As a young woman addicted to pornography, I'm starting to scare myself - AC's story

Submitted by a reader on Fri, 27/08/2010 - 10:45
a reader's picture

I am a young woman who has recently started being 'sexually active'. I keep trying to pressure an older man into having sex with me but he's afraid that he's taking advantage of my naivety. Because of his reluctance I have taken to satisfying my sexual needs via internet pornography.

I was recently banned from all local internet cafés and libraries. I am also in the process of trying to persuade a family not to press indecent exposure charges after I inadvertently exposed two very young children to hardcore pornography. Porn has taken over my life. I can't go near a computer without trying to download excessive amounts of porn. I have to break free of this addiction as it's alienated me from society. I am starting to scare myself.

Hi AC,

Thanks for getting in touch here.

Your experiences demonstrate how compulsive porn use has the potential to spiral into all kinds of emotional and social problems. It also shows that it's not just young guys who find their interest in porn starting to control their actions.

I wonder whether there's someone you can talk to about this - a close friend or family member. You might also find some counselling helpful. It will help you understand why you feel such an attachment to porn, and explore events and learning from your past that may have contributed. It may be that you have aligned your sexual desire with your need to be validated and noticed, which is resulting in some rejection and confidence issues. This is very common.

I'm not going to lecture you about pressuring someone to have sex with you or exposing young children to unsuitable material. You have recognised that this isn't how you want to live, and sharing your story here shows your determination to change.

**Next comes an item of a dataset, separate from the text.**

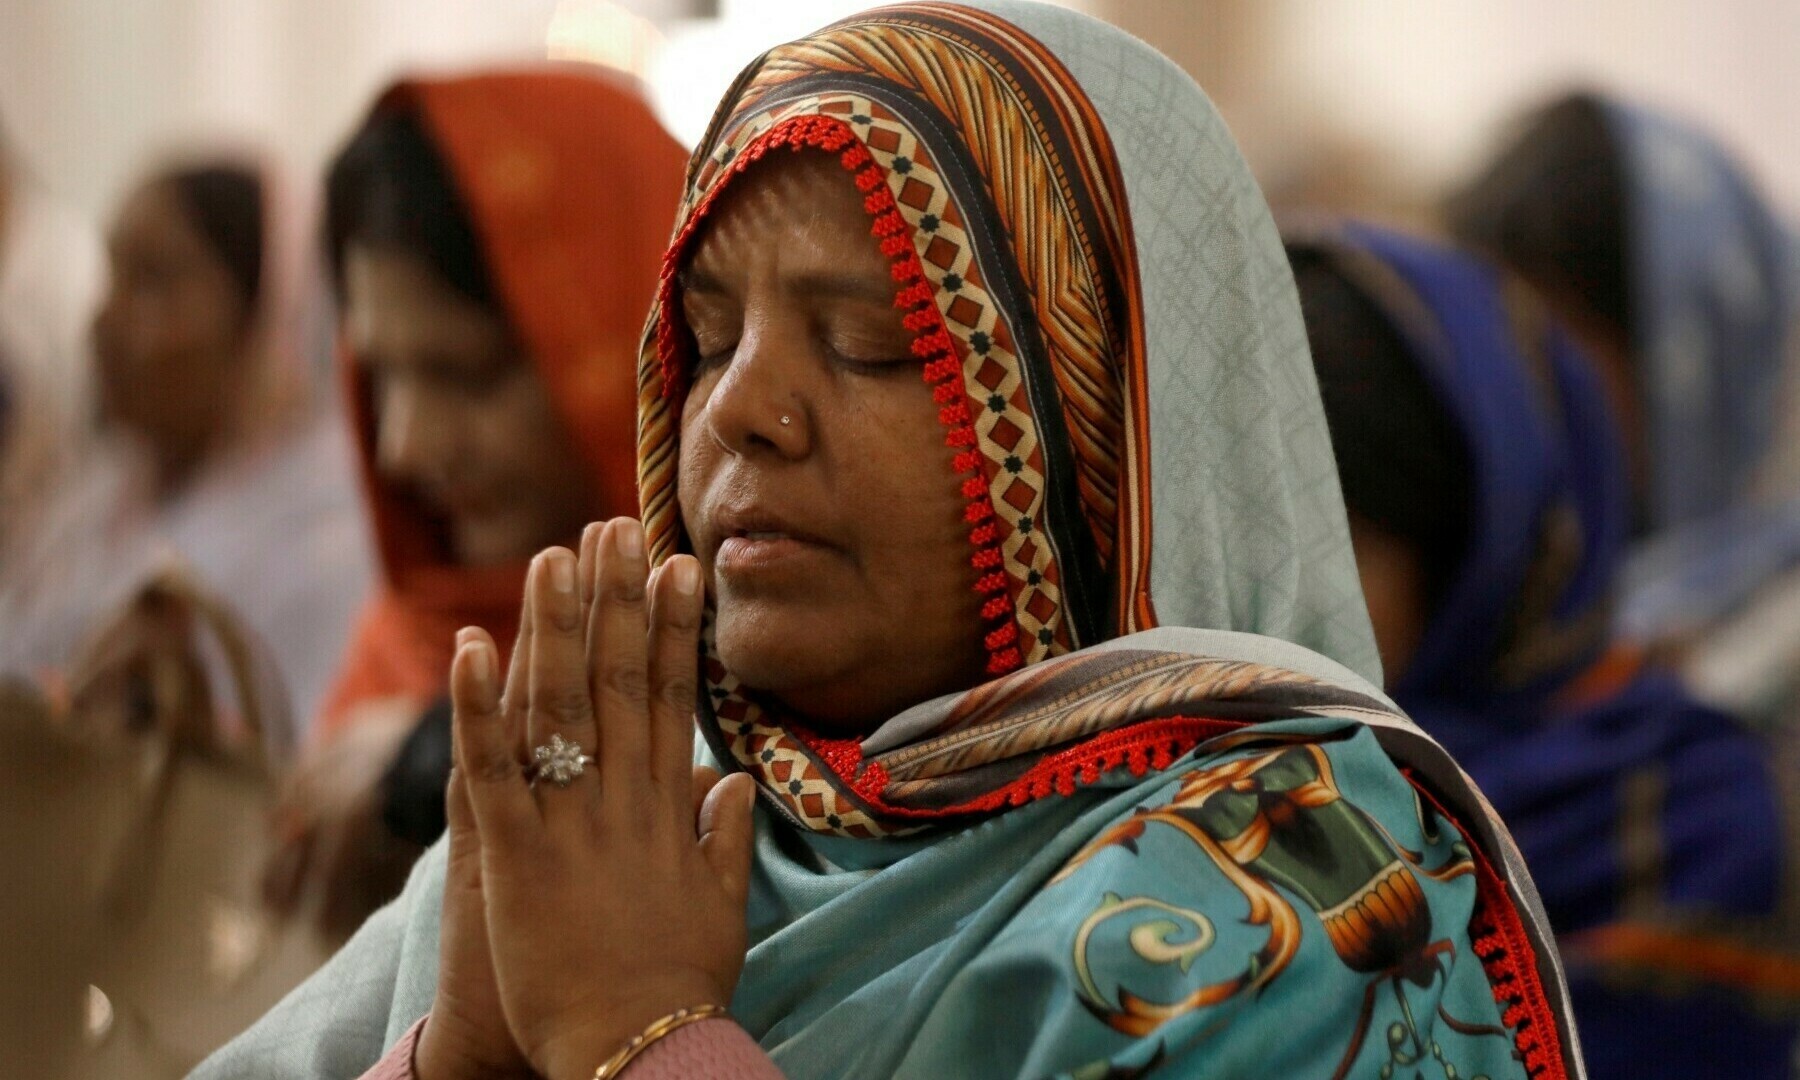 A woman, along with others, attends a Christmas Day service at the St. John’s Cathedral in Peshawar, on December 25, 2022. — Reuters

I wish you every success, and please feel welcome to share your thoughts here.

DuncanS's picture

I'm assuming this was a

Submitted by DuncanS on Fri, 27/08/2010 - 15:24

I'm assuming this was a babysitting accident? If so, I hope the parents go easy on you but you might have to assure them that you are getting some help.

Either way, this is a clear signal that you need some support. Make this your "rock bottom" stage and don't let things get any worse. You are young and have your life ahead of you.

alex's picture

My feeling after reading your

Submitted by alex on Fri, 27/08/2010 - 18:50

My feeling after reading your story is DON'T underestimate the power of puberty (I've just become sexually active) its completely normal during puberty which is a rite of passage to become highly aware of your sexuality, and to be fascinated with sexual matters. Its normal to want too explorer the whole issue of sex & sexuality, sadly many young people turn to on-line porn for some of their learning. The problem is that porn gives out highly misleading & distorted ideas about how to be sexual with another person, you know men always want to do this and women should always be like that!! etc.

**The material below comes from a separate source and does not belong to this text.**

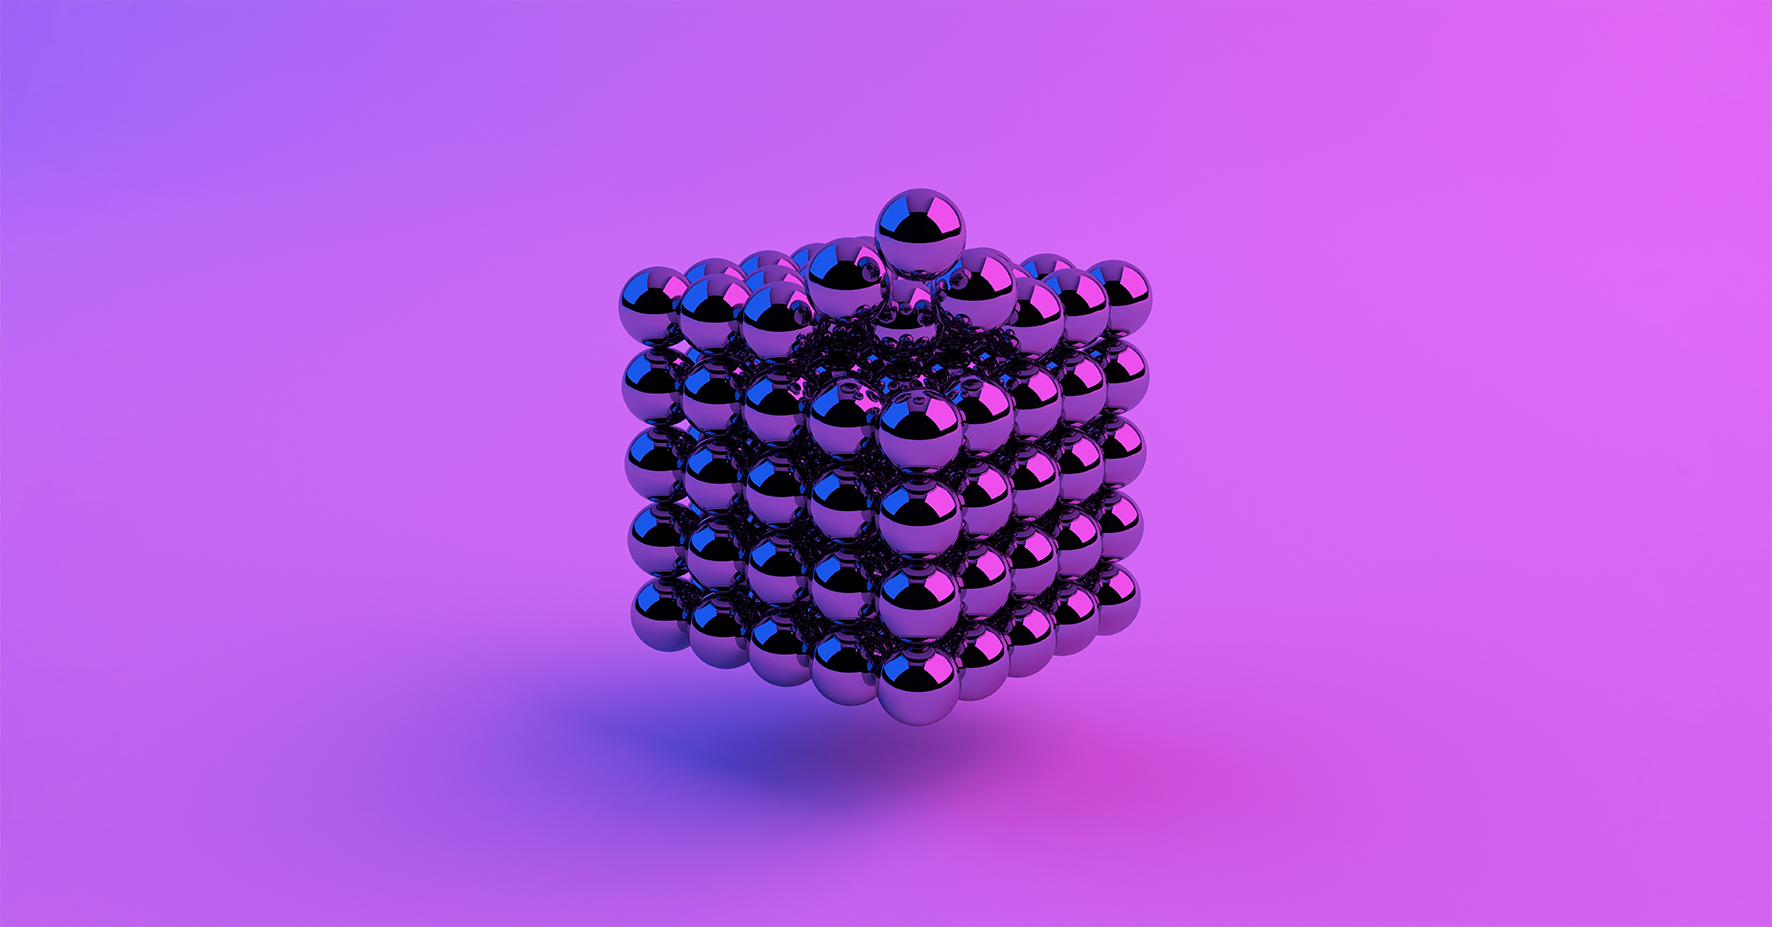 Cube made of metal balls, pink bue

I think what drives & motivates young women to be sexual is different from drives & motivates men to be sexual. May be the ends are similar but the means of arriving there are different.

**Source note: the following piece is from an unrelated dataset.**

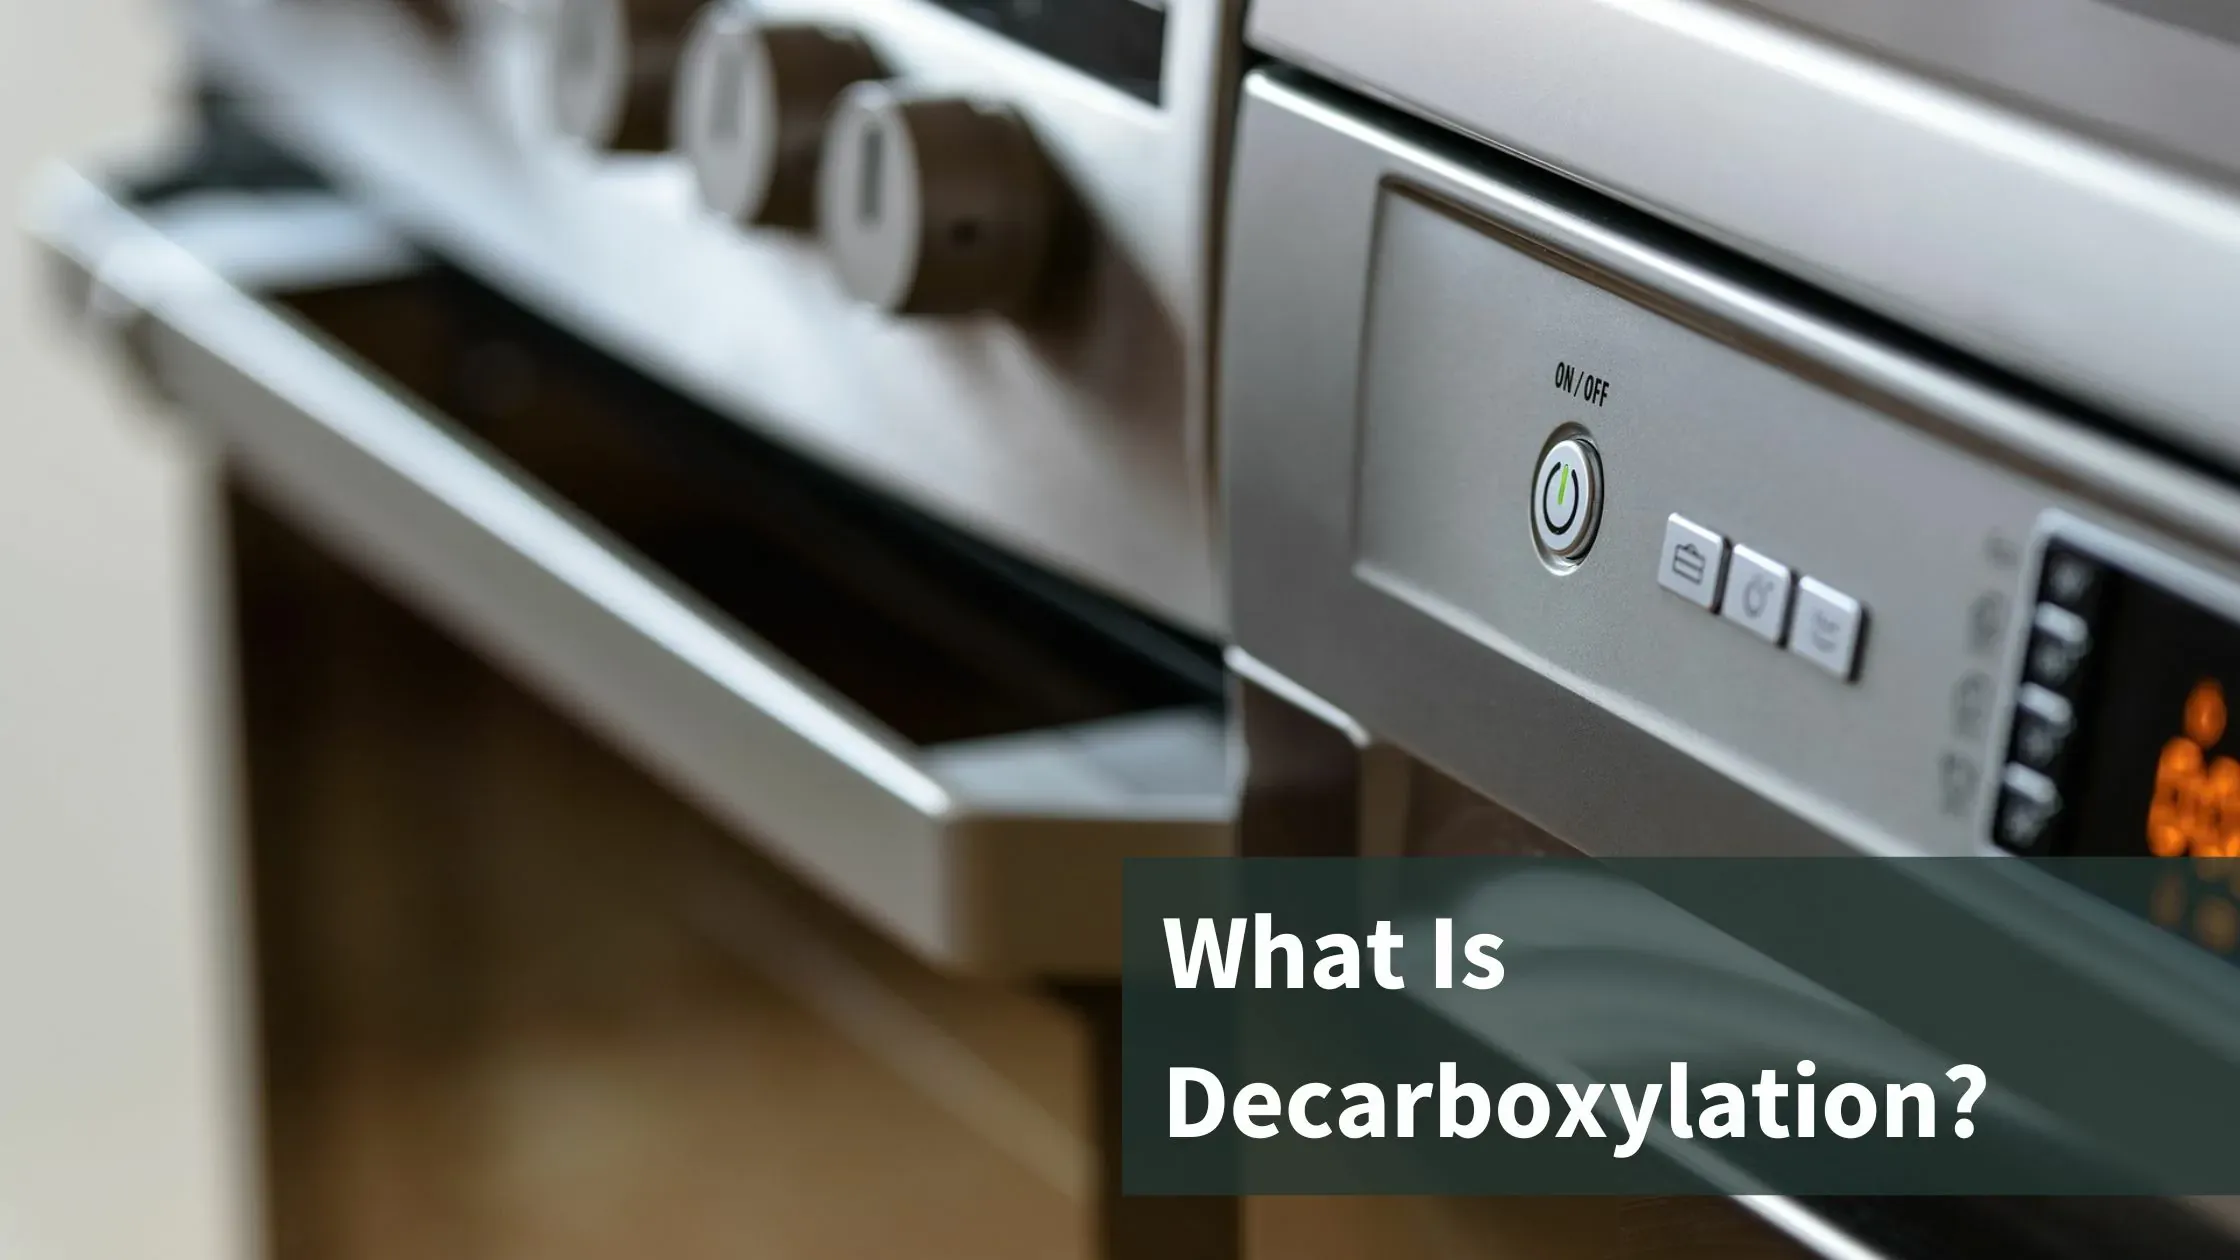 Close up of a modern kitchen with the text "What is decarboxylation?"

Its very important not to confuse the need to love & intimacy with just having sex. Although both love & intimacy can be intensely expressed during sex if you love that person. Sex itself doesn't always guarantee the experience of love or intimacy though, yes! sex can be quite a confusing experience and sex can be a very powerful experience too so it leaves deep impressions on us.

What really fuels a porn habit in my opinion is denial & often denial linked to feelings which are painful or distressing or just hard to face up to. Porn is a way to numb those emotions, the numbing is a way not to feel something. Sadly though the more we use porn for denial the worse the porn habit becomes. Emotional denial is the fuel that powers our porn behavior.

See: The link to "don't let porn get the better of you" top right.

Alex's picture

In my opinion & based on

Submitted by Alex on Sat, 28/08/2010 - 09:30

In my opinion & based on experience, using internet porn actually IS a choice we make. YES! OK it might be a choice you make at a deep level, unconsciously or subconsciously, or it might be a choice you make consciously. However, its my strongly held opinion that anyone driven to use porn obsessively, then what really motivates us is actually the desire to avoid our own pain & distress. This sounds contradictory or paradoxical but using porn is actually a kind of pain killer, using porn creates a numbing effect, this numbing effect acts like a kind of anesthetic.

It means we avoid feel the feelings we cannot deal with in an easy or straightforward manner, it means we push away the hurt, the distress the pain, we try to distance ourselves from these things. We use porn to deny our deepest pain because we don't really want to face those emotions, we might fear that we will be overwhelmed by such deep emotions. The irony here is that to gain freedom from the quick sands of porn we need to face our feelings full on without numbing ourselves out. Thus freedom from porn is through the escape hatch of our allowing our emotions, & letting out our pain. But paradoxically you can only do this when you are NOT numbed out by porn. Its healing through feeling as it were!! Porn is very very paradoxical and often not at all what it appears to be superficially.